Japanese society accepted(still does, in some ways) a level of brutality towards each other that is shocking to most people nowadays, and that is a big part of what made them, well, them. What they did to others, they were fully capable of doing to themselves - and in some cases had done it to themselves. I recall reading that the death rate of the guards of the Bataan Death March was similar to the prisoners' one, which means the conditions faced by the prisoners, rightfully classified as inhumane, were similar to the ones the guards faced. There's also the fact the Japanese recruited "comfort women" for the US Occupation troops from their own population, using the same methods they used to recruit women in the occupied territories.

One of the reasons the Japanese changed from what they were wasn't just that they failed so hard, it was they expected - couldn't conceive anything other than - being treated the same way they had treated others, and they kind of bluescreened when they weren't.
 
Japanese society accepted(still does, in some ways) a level of brutality towards each other that is shocking to most people nowadays, and that is a big part of what made them, well, them.
The Japanese at that point were one or two generations out of feudalism. Prior to the Meiji restoration Japan was a late feudal society with age of sail technology. They were at exactly the same level of social and technological development as Columbus in the indies.
In order to modernize, the Japanese leadership deliberately provoked the Samurai class into rebelling so that they could perform a class genocide in order to ease modernization by just killing off their most conservative elements.
 
The weird thing is that the Japanese treated their POWs during WWI and the Russo-Japanese war rather well by all accounts. How that changed I have no idea
Basically a generational change in leadership. The people who remembered why the "Good old days" of feudalism were bad aged out of command, and people brought up on propaganda romanticizing feudal japan took over. The Bushido of WWII was not the Bushido of feudal japan, but the Bushido of interwar propaganda.
 
One of the reasons the Japanese changed from what they were wasn't just that they failed so hard, it was they expected - couldn't conceive anything other than - being treated the same way they had treated others, and they kind of bluescreened when they weren't.

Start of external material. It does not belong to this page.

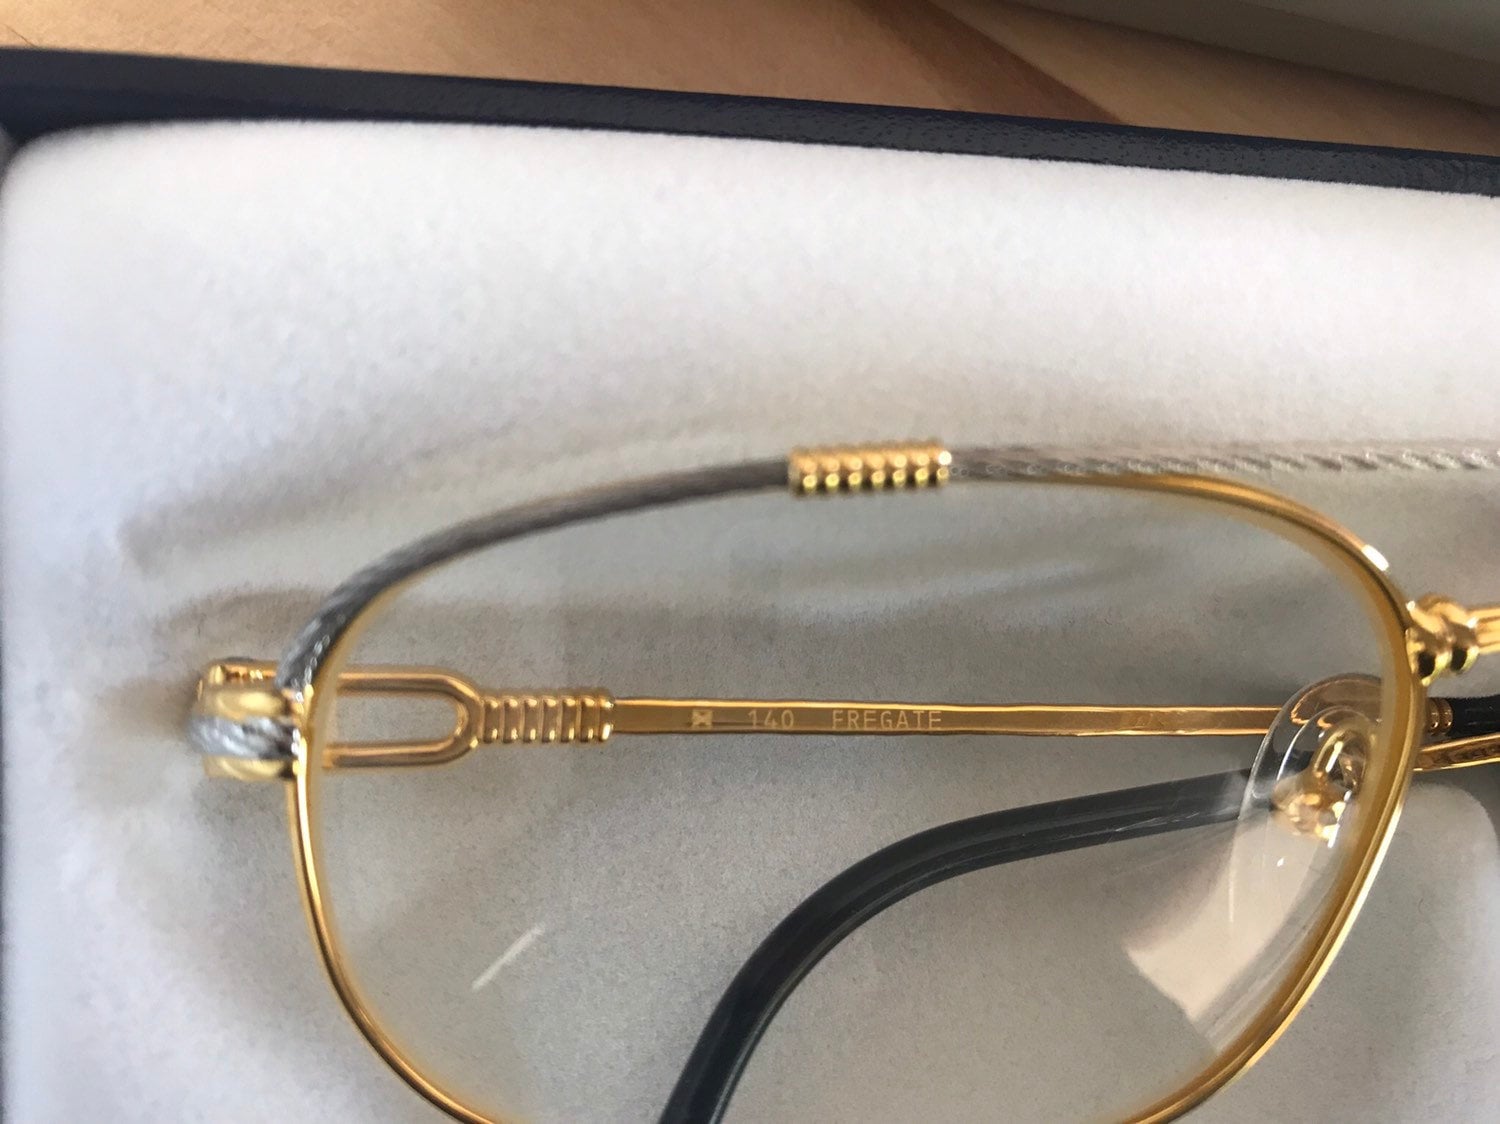 Fred Fregate Vintage Eyeglasses / Luxury Glasses Gold Plated / - Etsy

So...Japan was redeemed by the power of friendship/kindness? Jesus Christ, real life really is an anime.
 
I suppose the words "live to fight another day" didn't mean too much to this lot? Even the Spartans, as big on a "beautiful death" as they were, knew there was a time and a place for it. Ultimately, didn't that doctrine really screw the Japanese over in modern warfare and lead to far higher casualties than needed?

Judging from their military songs immediately before/during WW2, it seems they viewed dying gloriously AS THE POINT of going to war.
 
Judging from their military songs immediately before/during WW2, it seems they viewed dying gloriously AS THE POINT of going to war.
Which is a rather strange ideal to have. War is usually about making the other guy die gloriously for their country before taking their land, stuff, and women.
 
Which is a rather strange ideal to have. War is usually about making the other guy die gloriously for their country before taking their land, stuff, and women.
Bushido got twisted when it met US supplied Gatling guns at Shiroyama and became more about a glorious death than a victorious life in the aftermath.
 
What on earth made them that way though? I mean it wasn't like the Japs were caught up in a perpetual hysteria about Jews like Germany was (and as Covid-19 has proven, hysteria can make reasonable people do very regrettable things).

The incredibly broad and widespread Japanese military performance of atrocities and civilian celebrating of those same atrocities both stem from intentional, large-scale brainwashing of their entire society for decades on end. The Japanese educational system became more and more centralized throughout the 1912-1937 era, and that consolidation was built around doubling down on the heavy nationalism of the 1890s era "reforms" with hyper-aggressive cultural militarization, which was even further redoubled in the 1937-1945 era when General Sadao Araki, the former Minister of War, was appointed as Minister of Education.